LITIGANO PESANTEMENTE, litigano al riparo dei social, ma in fondo litigavano allo stesso modo anche quando giuravano che sarebbero rimasti assieme dieci anni, per cui è ridicola ma non inconcepibile l’ipotesi del ministro Centinaio che Lega e 5 Stelle potrebbero alla fine tornare assieme. Del resto vale tutto, Salvini che annuncia spavaldo che il 20 agosto al senato voterà la sfiducia a Conte, quando sa benissimo che la sua mozione è stata rinviata e si discuteranno le comunicazioni del presidente del Consiglio. La Lega che insiste a sostenere la fattibilità del folle piano sulle riforme costituzionali – approvare il taglio dei parlamentari e poi votare senza applicarlo – impossibile e impraticabile. I 5S che replicano la parte dei tagliatori di poltrone avendo votato il calendario che accantona la legge. Conte che a Genova arriva ieratico nella parte della riserva della Repubblica, sta mezz’ora a stringere le mani a tutti per ostentare una popolarità di risulta – agguanta volontari, famigliari, passanti, giornalisti, saluta persino Salvini – e poi è costretto a scrivere una letterina al suo ministro dell’interno, al quale ha consegnato ogni potere, per pregarlo di non accanirsi troppo sui migranti.

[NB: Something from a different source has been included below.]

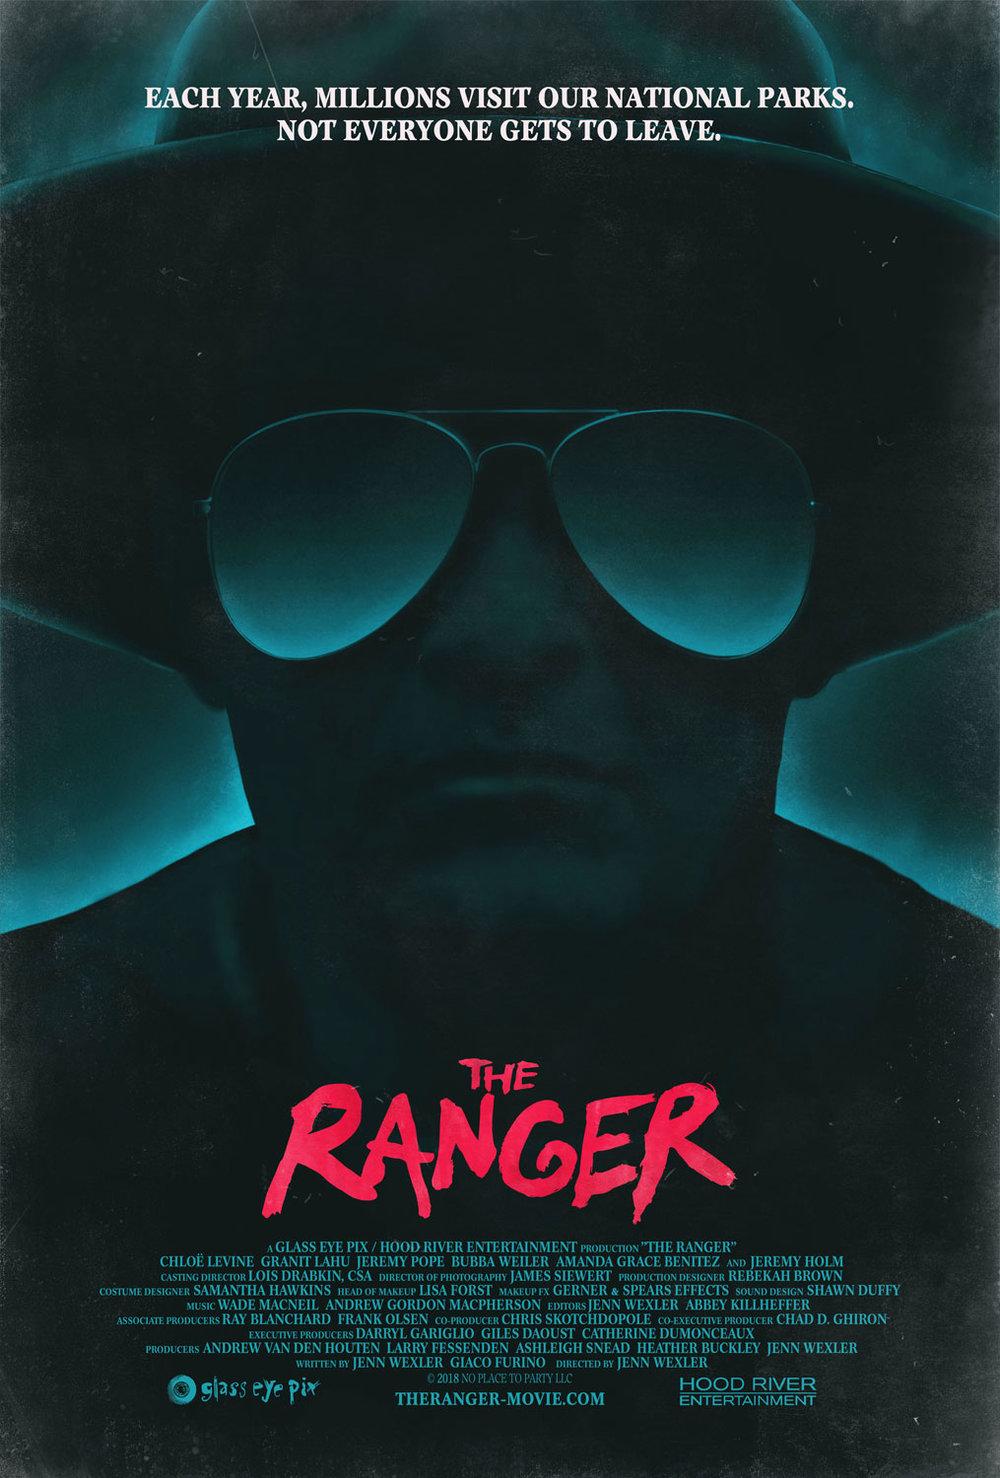 79thbroadway_the_ranger_movie_poster.jpg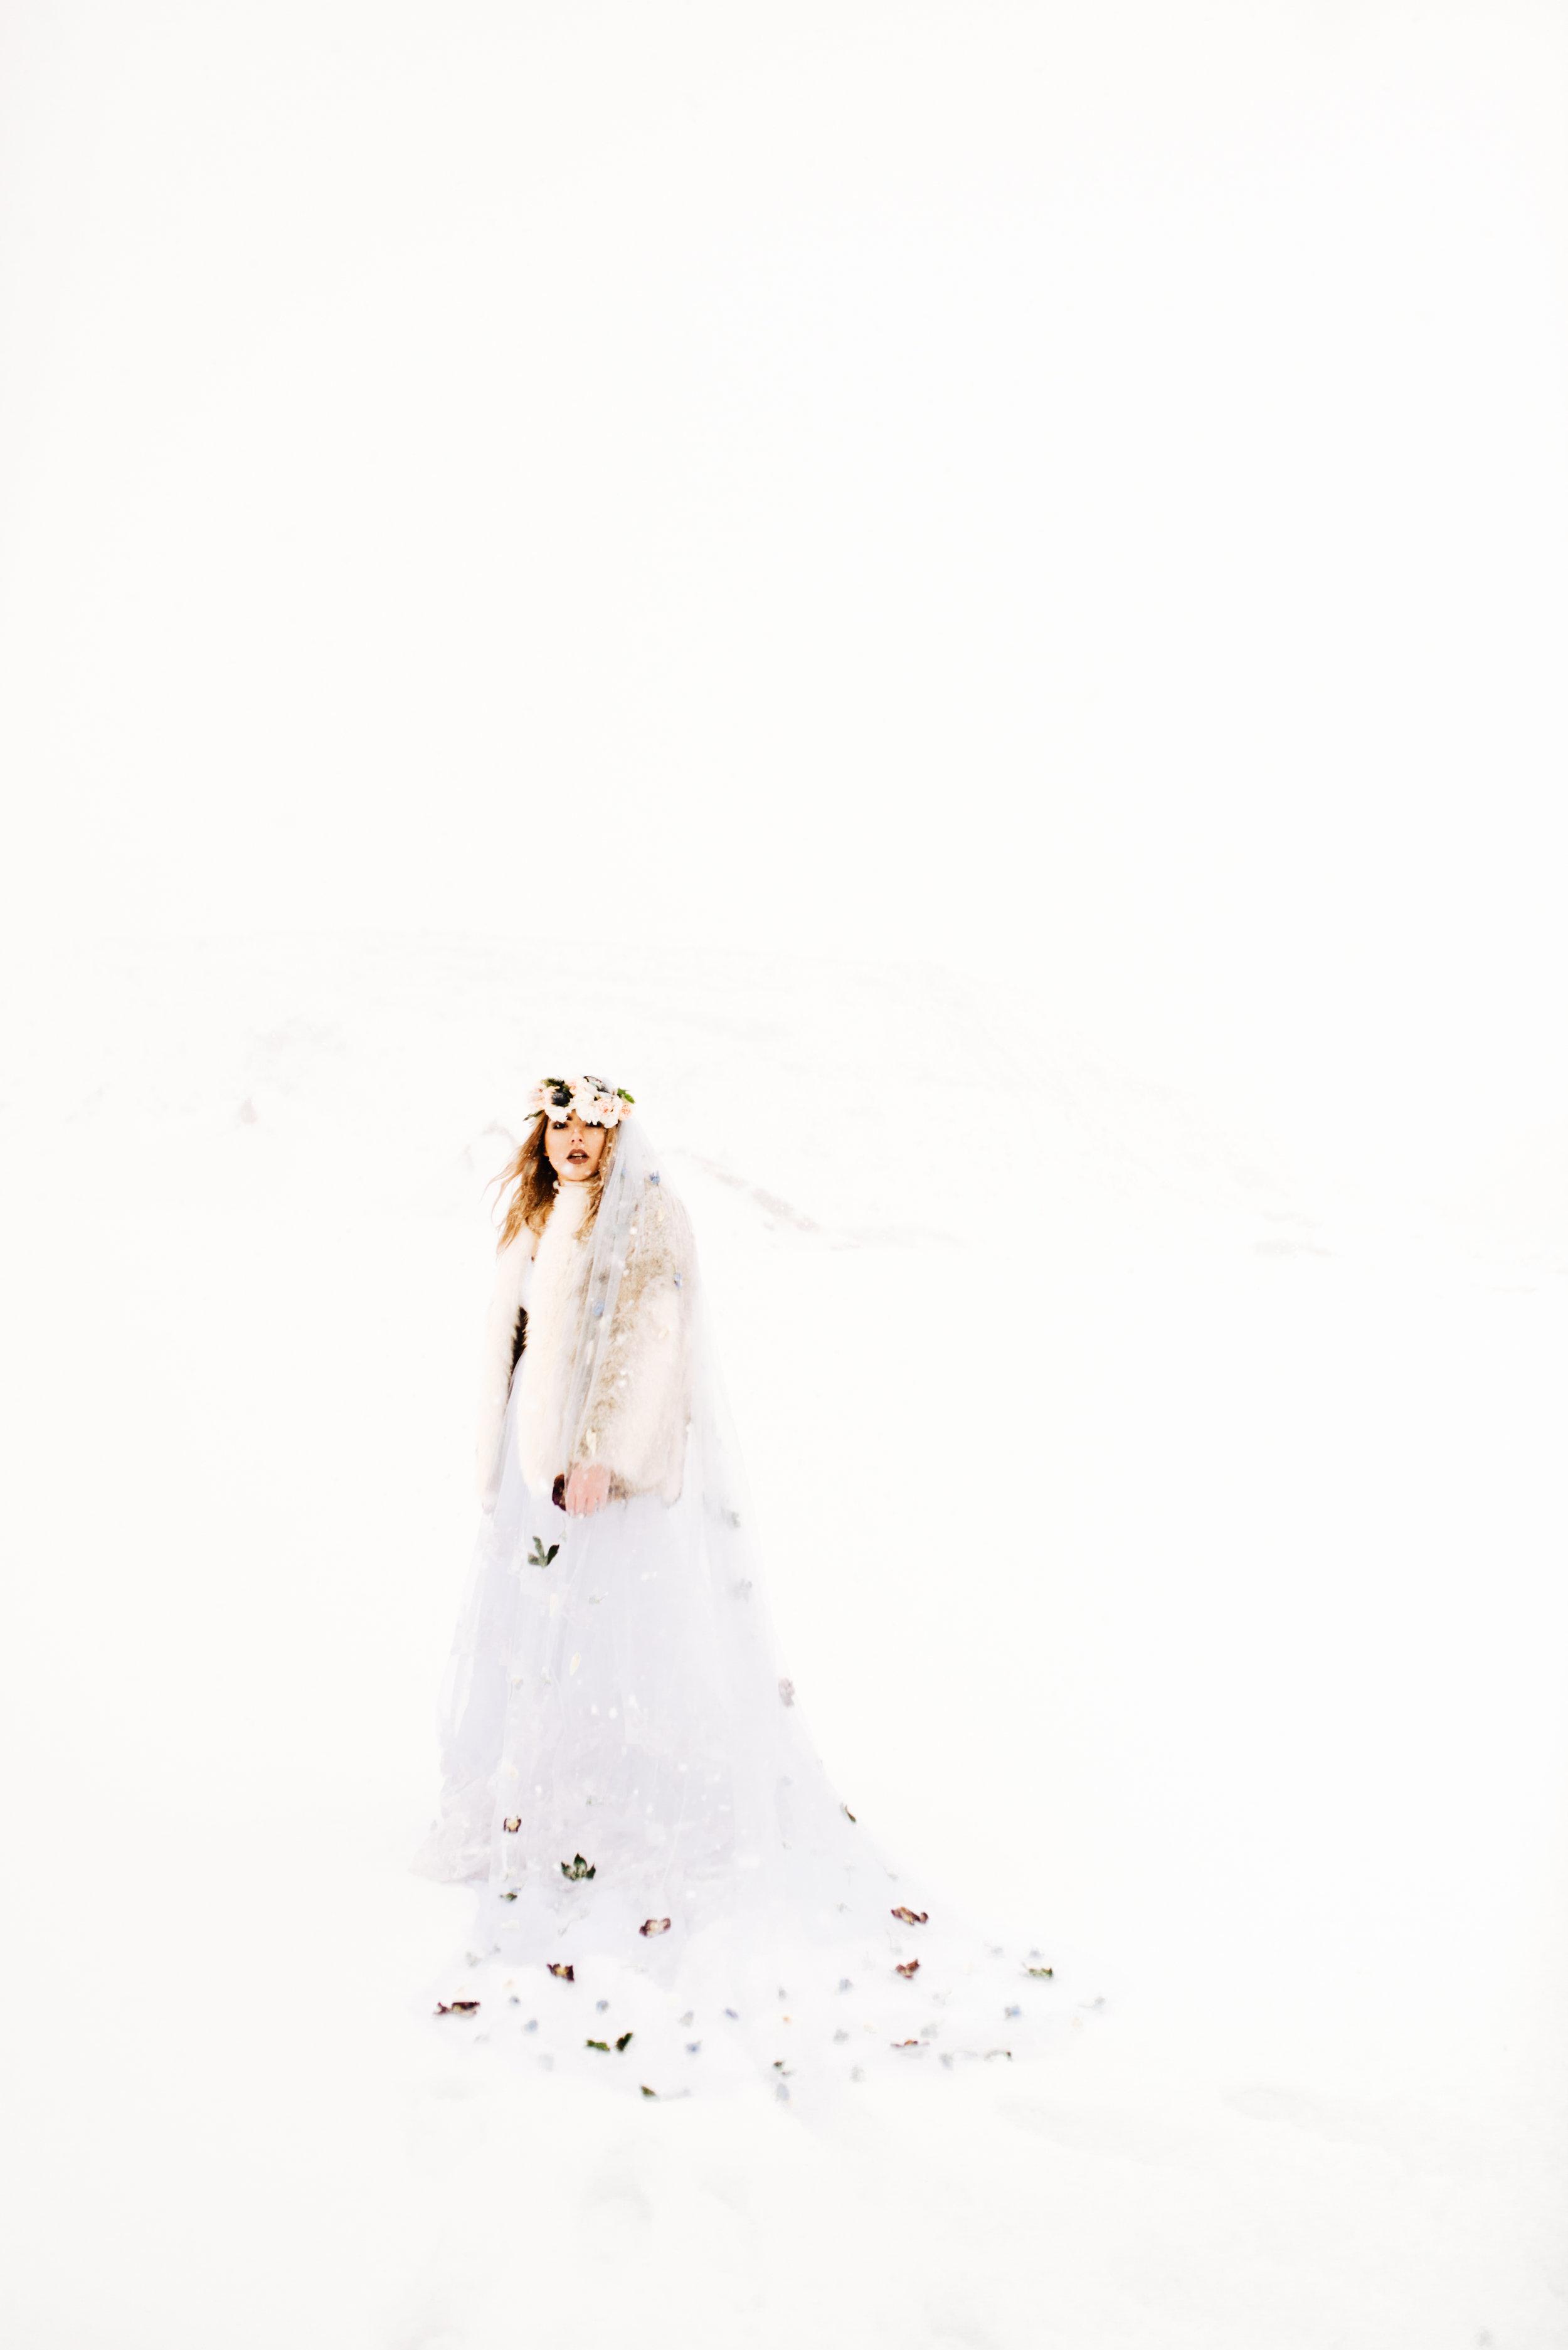 ShelbyTaylorPhotography-94.jpg

È POSSIBILE TUTTO in questi tempi supplementari gialloverdi, in cui un governo che un anno fa aveva promesso di strappare ad horas le concessioni ad Autostrade per l’Italia e stava invece chiedendo alla società dei Benetton di prendersi pure Alitalia, torna a Genova con due linee e nessuna possibilità di perseguirne alcuna. Per Salvini bisogna far costruire ad Autostrade anche la Gronda, per Di Maio la revoca delle concessioni era praticamente fatta non fosse stato per il tradimento della Lega. E poi c’è Toninelli che ha una spiegazione diversa, probabilmente definitiva: «Mi sono messo contro l’intero sistema politico, mediatico, affaristico italiano e per questo hanno cercato in ogni modo di screditarmi, di descrivermi come non sono».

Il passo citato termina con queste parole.